- _Provided data_:
★ ★ ★ ★ ★ ★ ★

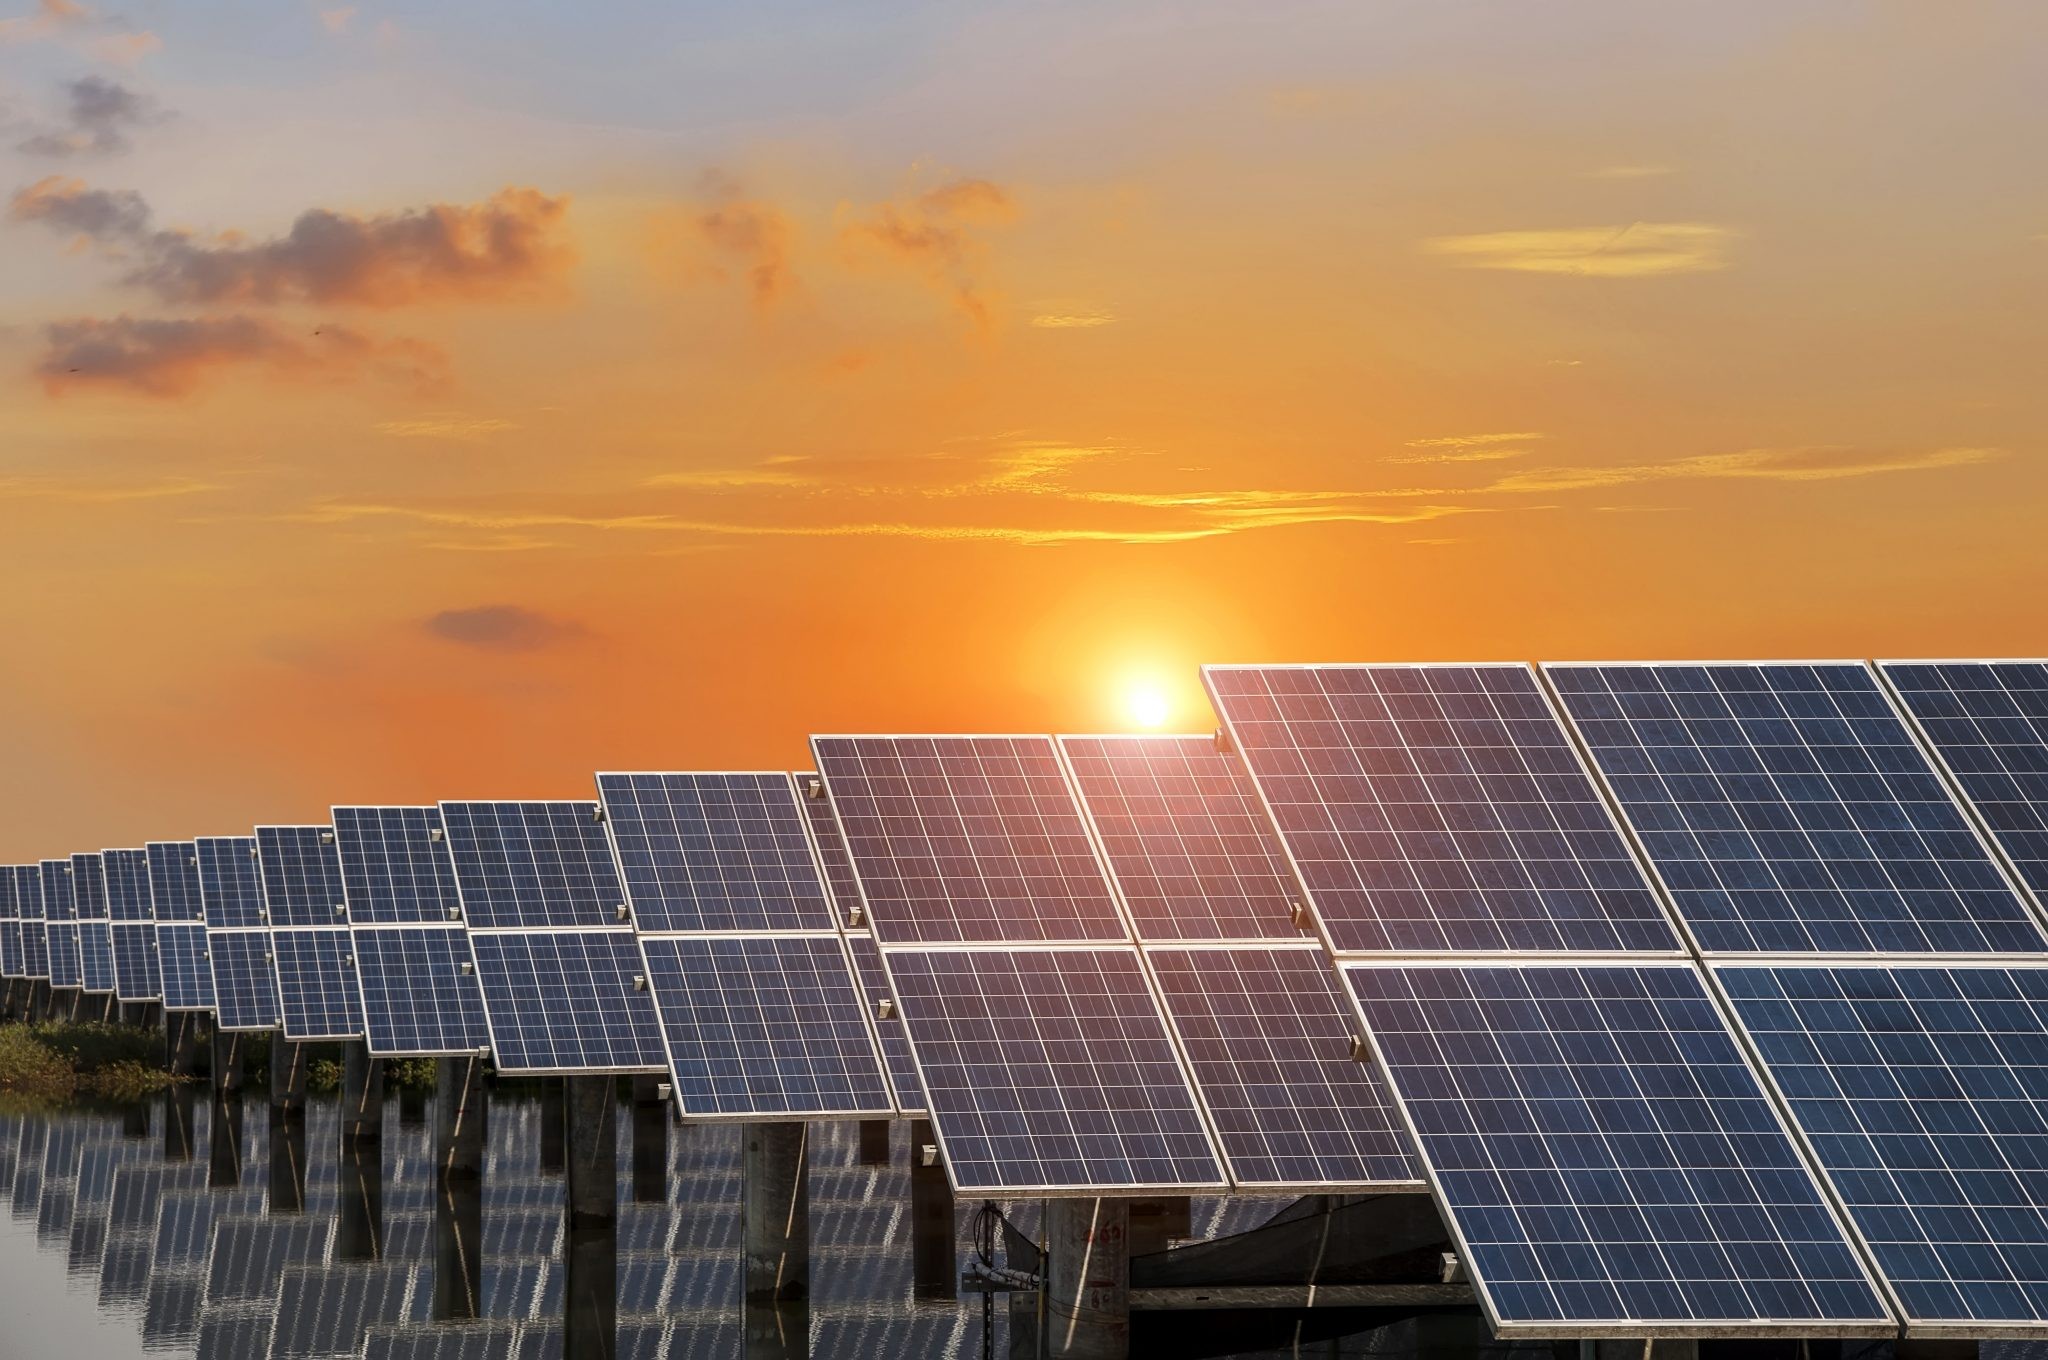 Nuevo León’s energy sector will bet on solar energy in 2021
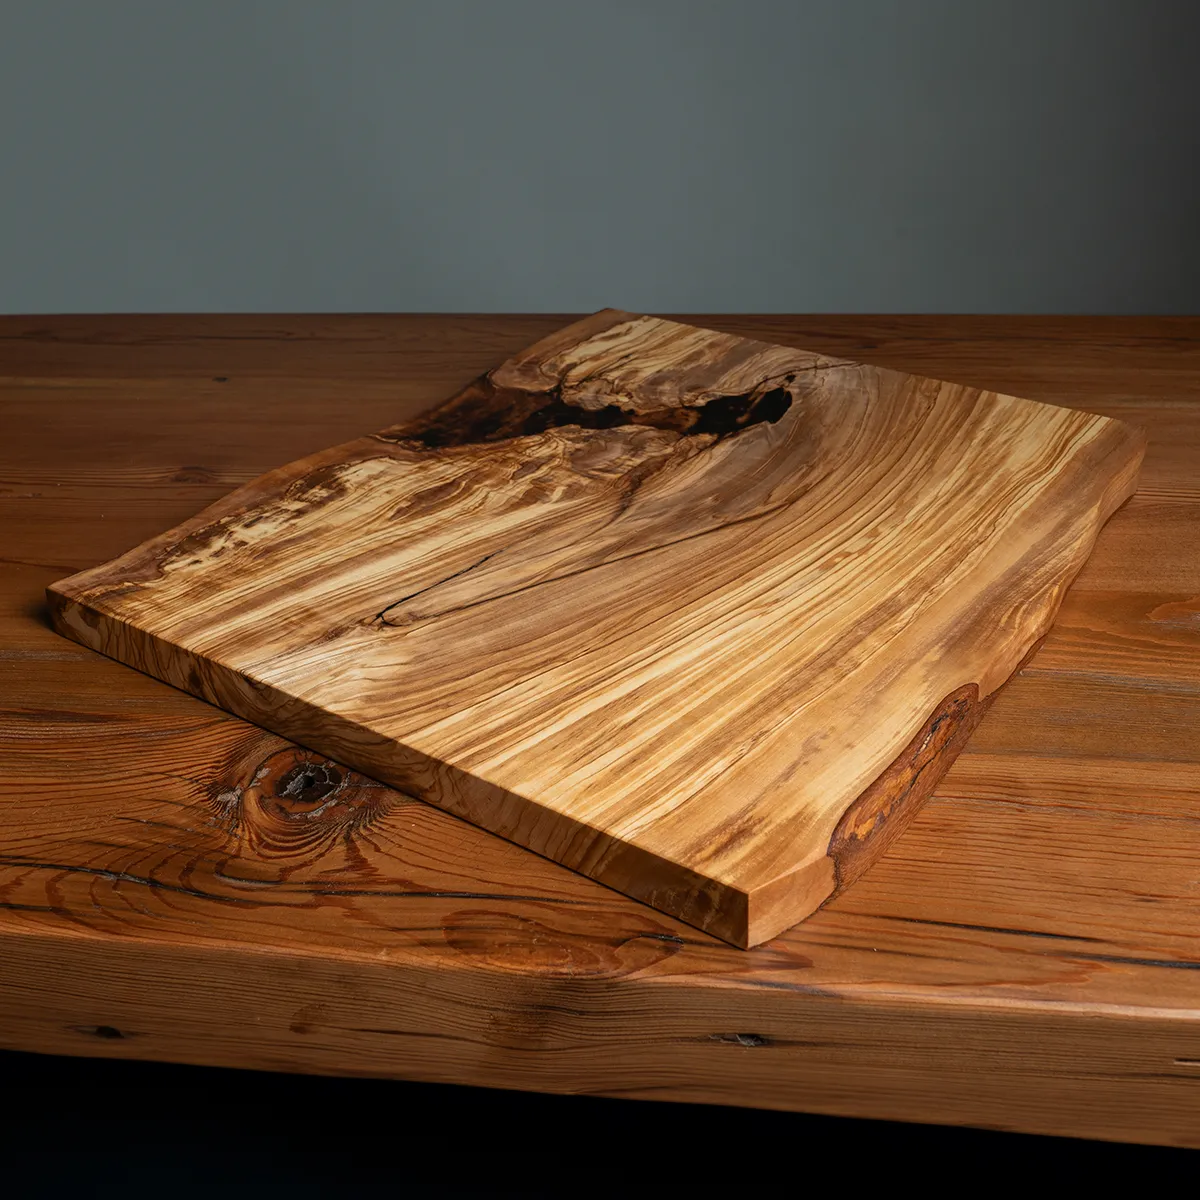 Olive wood charcuterie board
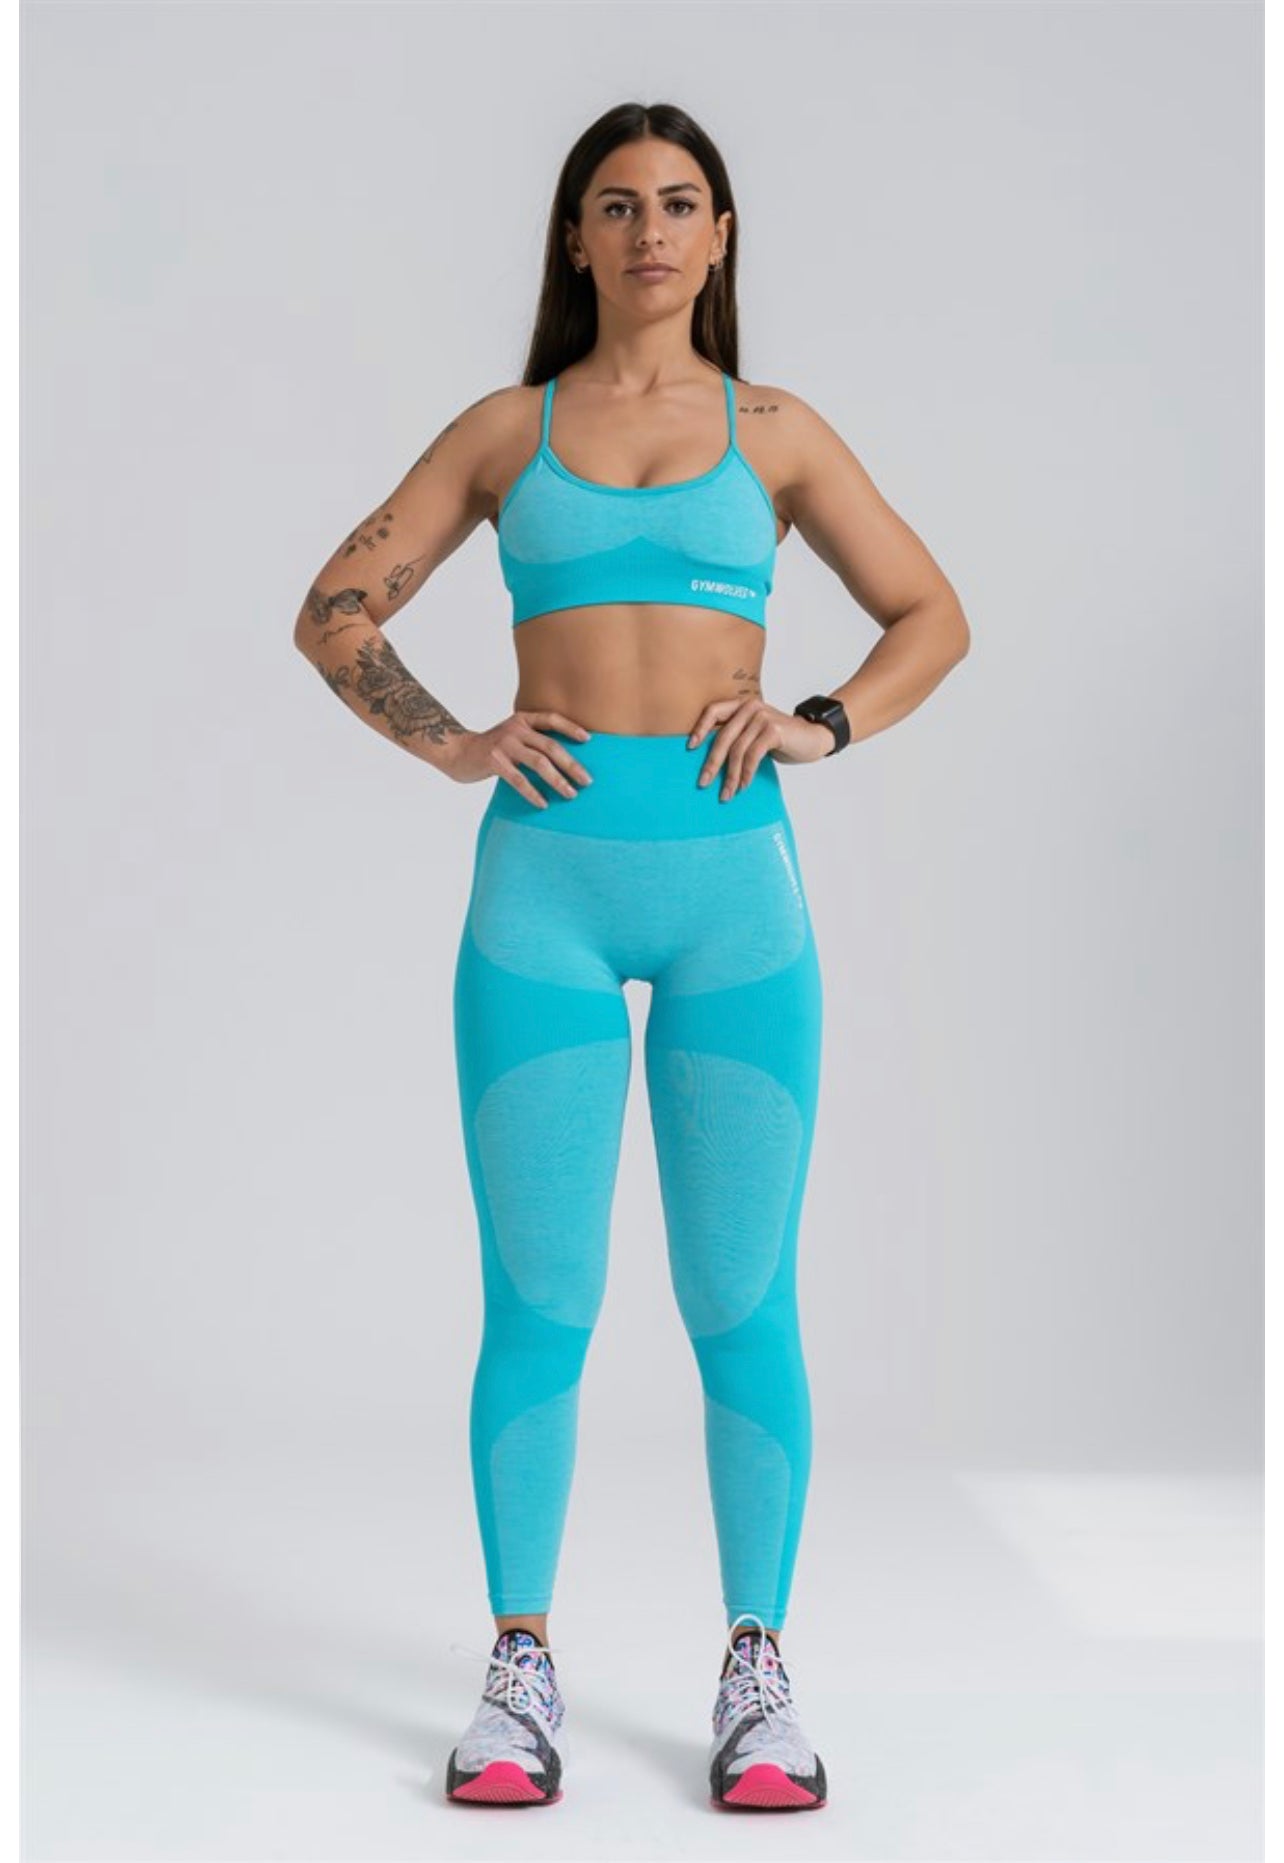 Gymwolves Women Seamless Sport Leggings | Turquoise | Strong Series |

★ ★ ★ ★ ★ ★ ★

- _Work order_: Give the listing again word for word. Skip any pictures.

- _Response to this exercise_:
 Nuevo León’s energy sector will bet on solar energy in 2021
 Olive wood charcuterie board
 Gymwolves Women Seamless Sport Leggings | Turquoise | Strong Series |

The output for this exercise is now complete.